Movement of cestre of mass of a mass point system

Task number: 2225

Three mass points with masses of 5 g, 10 g and 15 g make up a mass point system. At time t0 = 0 s, all points are at rest in positions A1 = [10, 4, 6] cm, A2 = [-2, 4, -9] cm, A3 = [0, 0, 0] cm.

These mass points start to move because of external forces, whose resultant has value of 0,06 N and both direction and orientation of the x-axis. Find the location of the centre of mass of this mass point system at time t1 = 2 s.

  • List of known information

    m1 = 5 g mass of 1st mass point
    m2 = 10 g mass of 2nd mass point
    m3 = 15 g mass of 3rd mass point
    A1 = [10, 4, 6] cm starting position of 1st mass point
    A2 = [-2, 4, -9] cm starting position of 2nd mass point
    A3 = [0, 0, 0] cm starting position of 3rd mass point
    t0 = 0 s initial time
    v0 = 0 m·s−1 initial velocity of mass points
    t1 = 2 s final time
    F = 0,06 N resultant of forces with both direction and orientation of the x-axis
    rT(t1 ) = ? position of centre of mass at time t1
  • Analysis

    During the solving of the task, we first determine the initial position of the centre of mass T0 of the system. For all other calculations, the mass is concentrated at this centre and if we want to know how the external force affects the movement of the system, we will only need to find out the movement of the centre of mass T0.

  • Hint 1

    To find the final position of the centre of mass T1 after 2 seconds of movement, we first need to know its initial position T0. Do you know the relation for the location of the centre of mass of a mass point system? Use it.

  • Hint 2

    Now we make the system move because of the acting of constant force F in the direction of the x-axis. Will all of the coordinates of the centre of mass change T0 change?

  • Hint 3

    The movement of the whole system (and thus its centre of mass as well) is realised by the acting of a constant force F. What type of movement is this (in terms of the change in velocity)? Newton’s second law will help you.

  • Hint 4

    The increase of the x coordinate of the centre of mass can be determined as displacement that the centre of mass travels during this type of motion in given time. Substitute numerical values and calculate the final position of the centre of mass.

  • Overall Solution

    First, we determine the initial coordinates of the centre of mass of the system. The relation for the centre of mass of a system of  n mass points is given as:

    \[\vec{r}_T\,=\,\frac{\sum_{i=1}^n{m_i\vec{r}_i}}{\sum_{i=1}^n{m_i}},\]

    where mi are the masses of individual mass points and ri are their position vectors. This applies for individual parts because the coordinates of the centre of mass is calculable by parts:

    \[x_T\,=\,\frac{\sum_{i=1}^n{m_ix_i}}{\sum_{i=1}^n{m_i}},\tag{1}\] \[y_T\,=\,\frac{\sum_{i=1}^n{m_iy_i}}{\sum_{i=1}^n{m_i}},\tag{2}\] \[z_T\,=\,\frac{\sum_{i=1}^n{m_iz_i}}{\sum_{i=1}^n{m_i}}.\tag{3}\]

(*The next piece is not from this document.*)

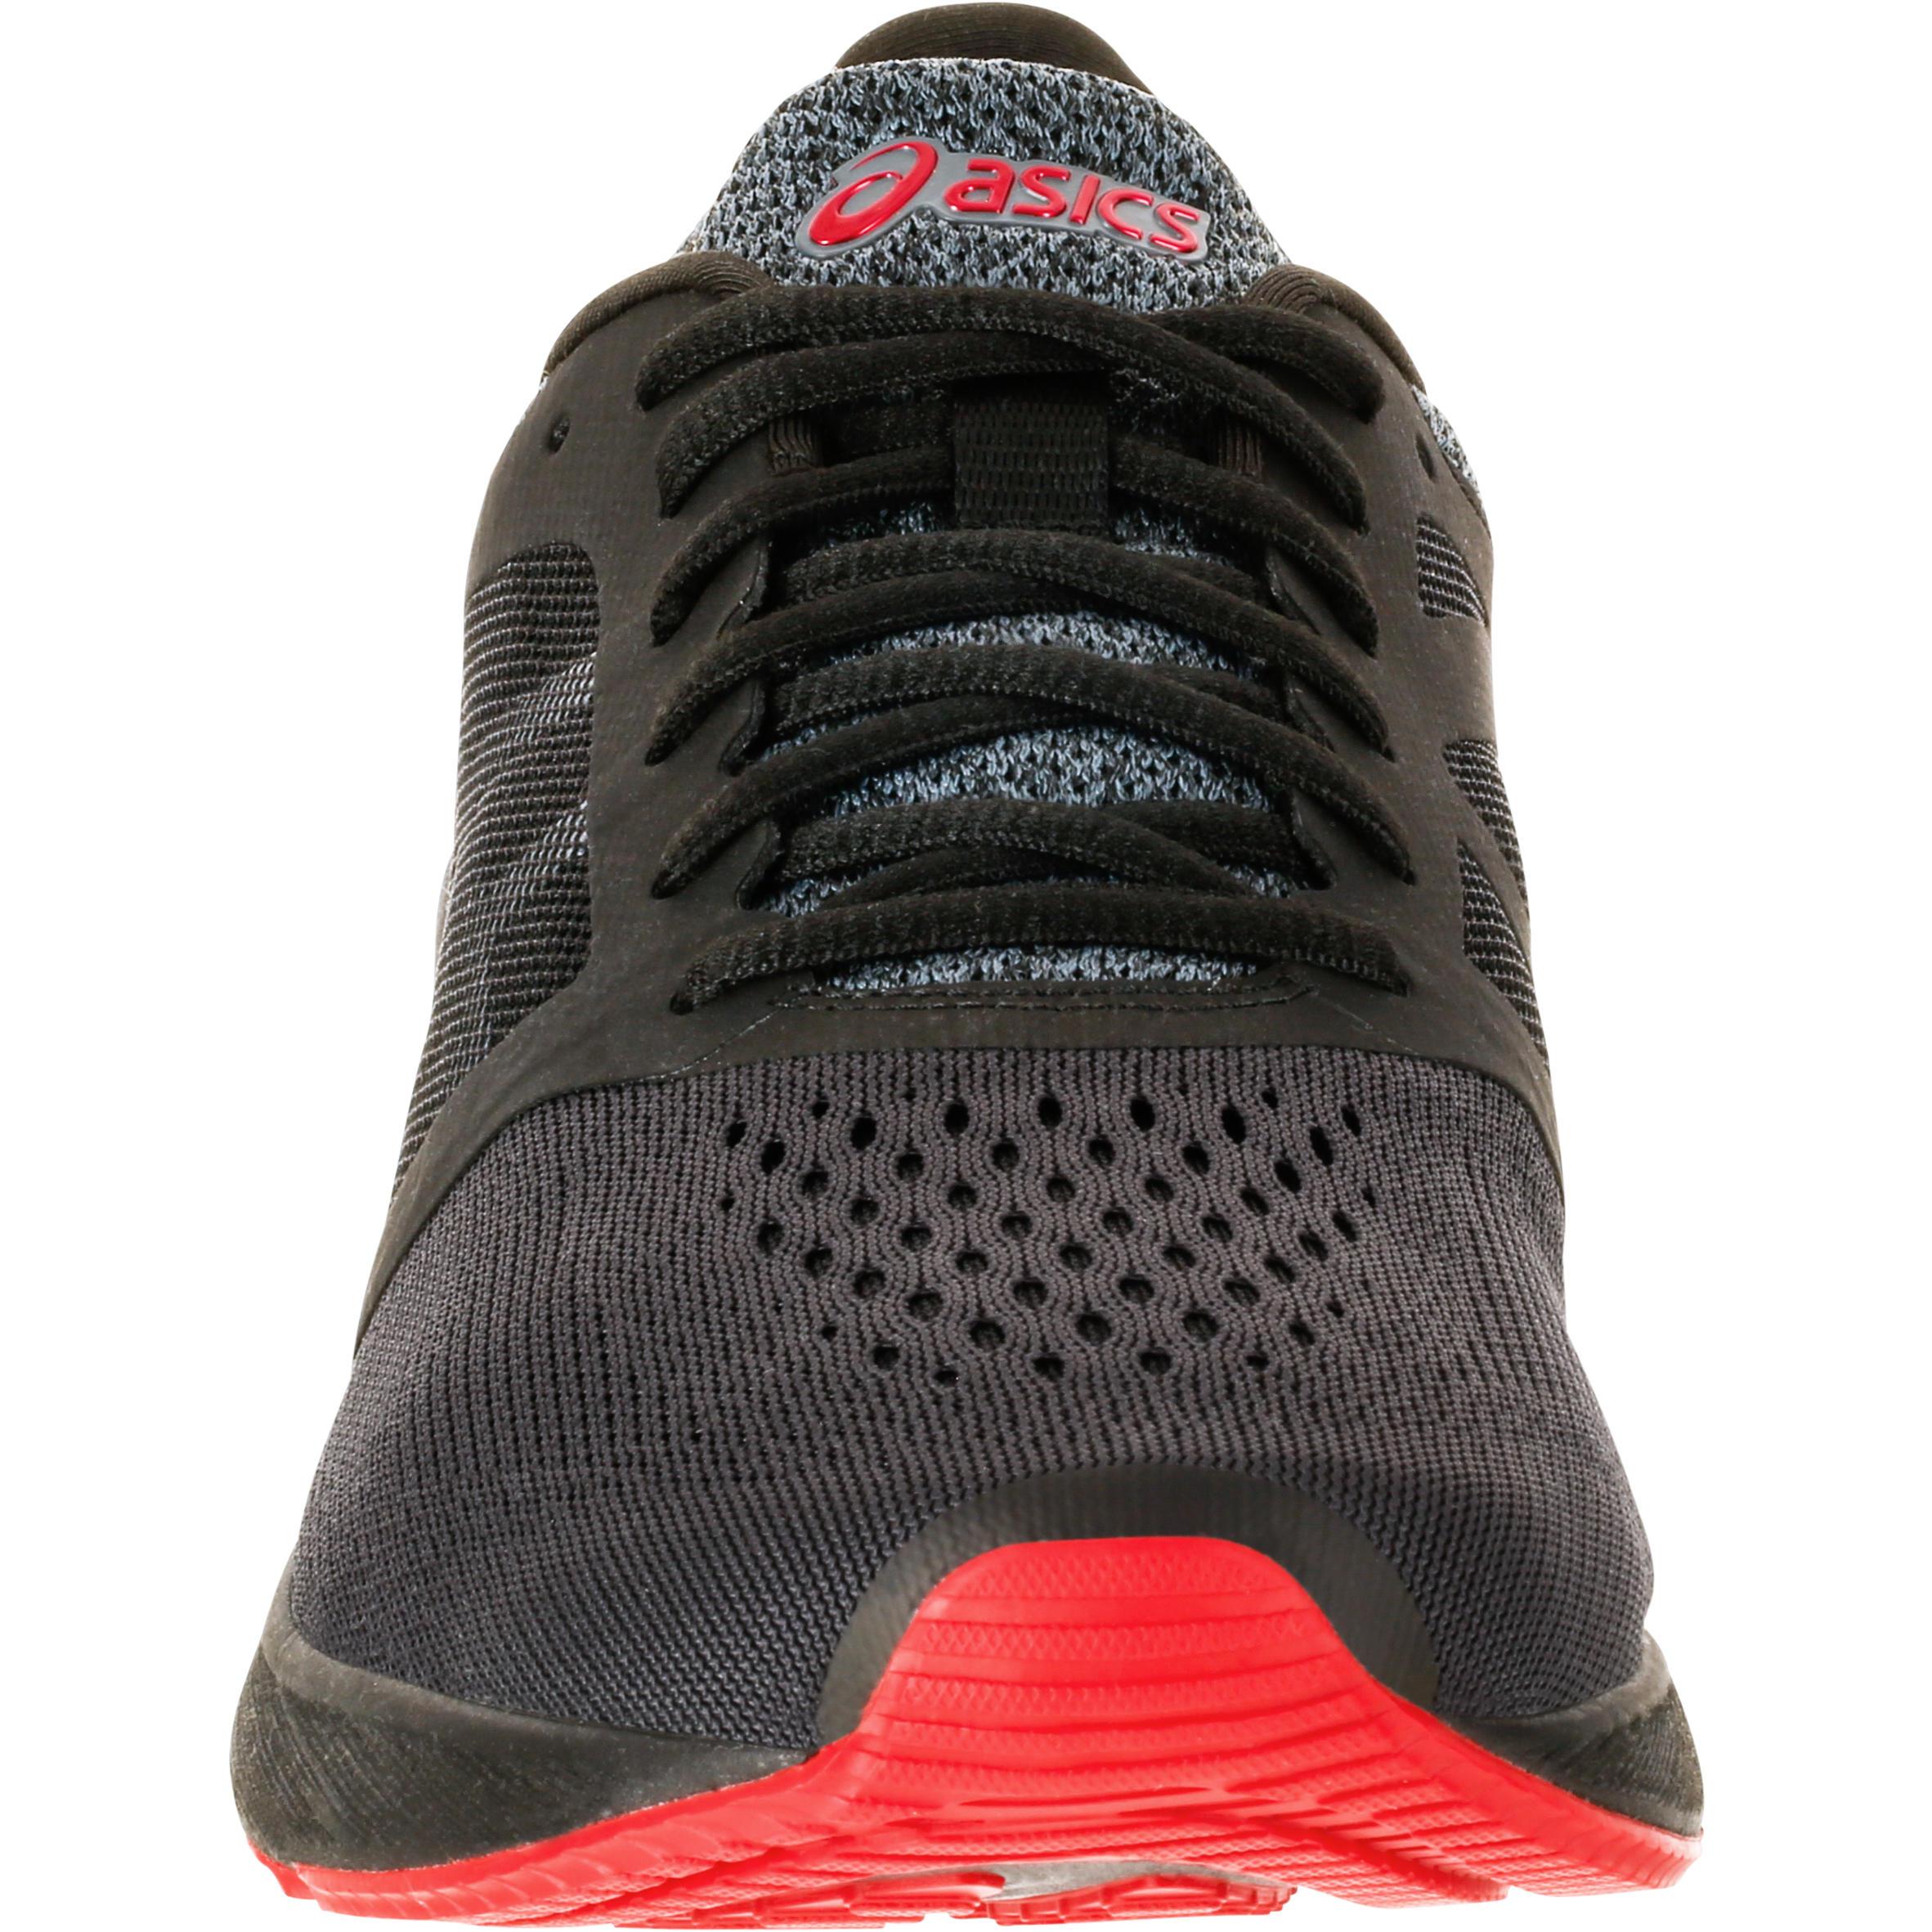 A Course Chaussures Pied Roadhawk Asics Noir Gel Ff Running FJc1Kl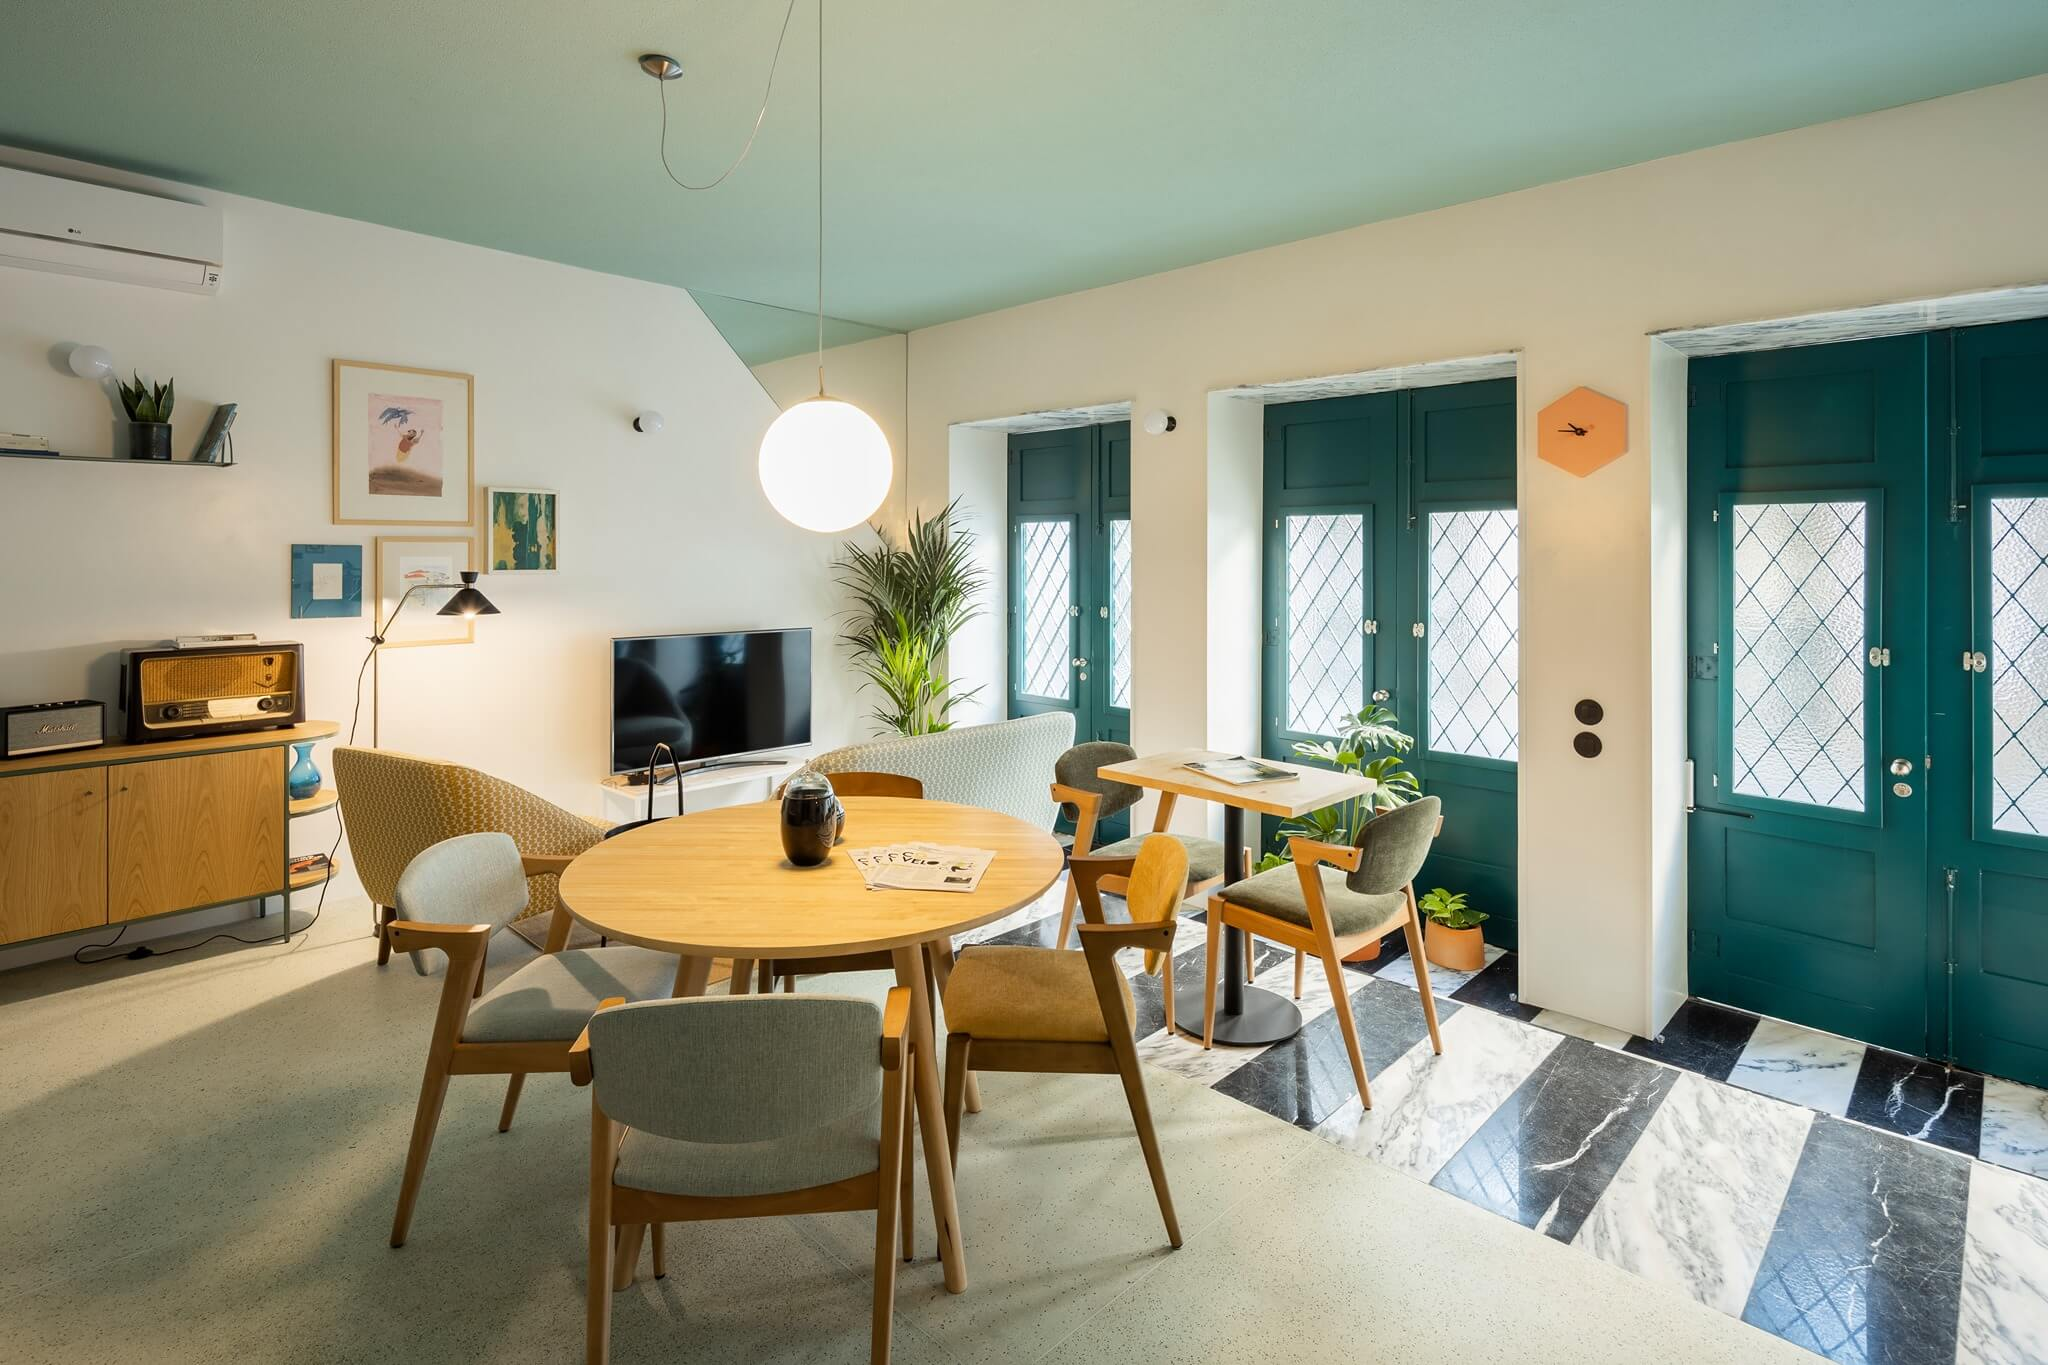 Covelo The Original Rooms & Suites

    In our case, we will substitute masses and coordinates of points A1 through A3into relations (1) through (3). This way, we will calculate the initial position of the centre of mass T0:

    \[x_{T_0}\,=\,\frac{\sum_{i=1}^3{m_ix_i}}{\sum_{i=1}^3{m_i}}\,=\,\frac{5{\cdot}10\,+\,10{\cdot}(-2)\,+\,15{\cdot}0}{5\,+\,10\,+\,15}\,\mathrm{cm}\,=\,1\,\mathrm{cm},\] \[y_{T_0}\,=\,\frac{\sum_{i=1}^3{m_iy_i}}{\sum_{i=1}^3{m_i}}=\,\frac{5{\cdot}4\,+\,10{\cdot}4\,+\,15{\cdot}0}{5\,+\,10\,+\,15}\,\mathrm{cm}\,=\,2\,\mathrm{cm},\] \[z_{T_0}\,=\,\frac{\sum_{i=1}^3{m_iz_i}}{\sum_{i=1}^3{m_i}}=\,\frac{5{\cdot}6\,+\,10{\cdot}(-9)\,+\,15{\cdot}0}{5\,+\,10\,+\,15}\,\mathrm{cm}\,=\,-2\,\mathrm{cm}.\]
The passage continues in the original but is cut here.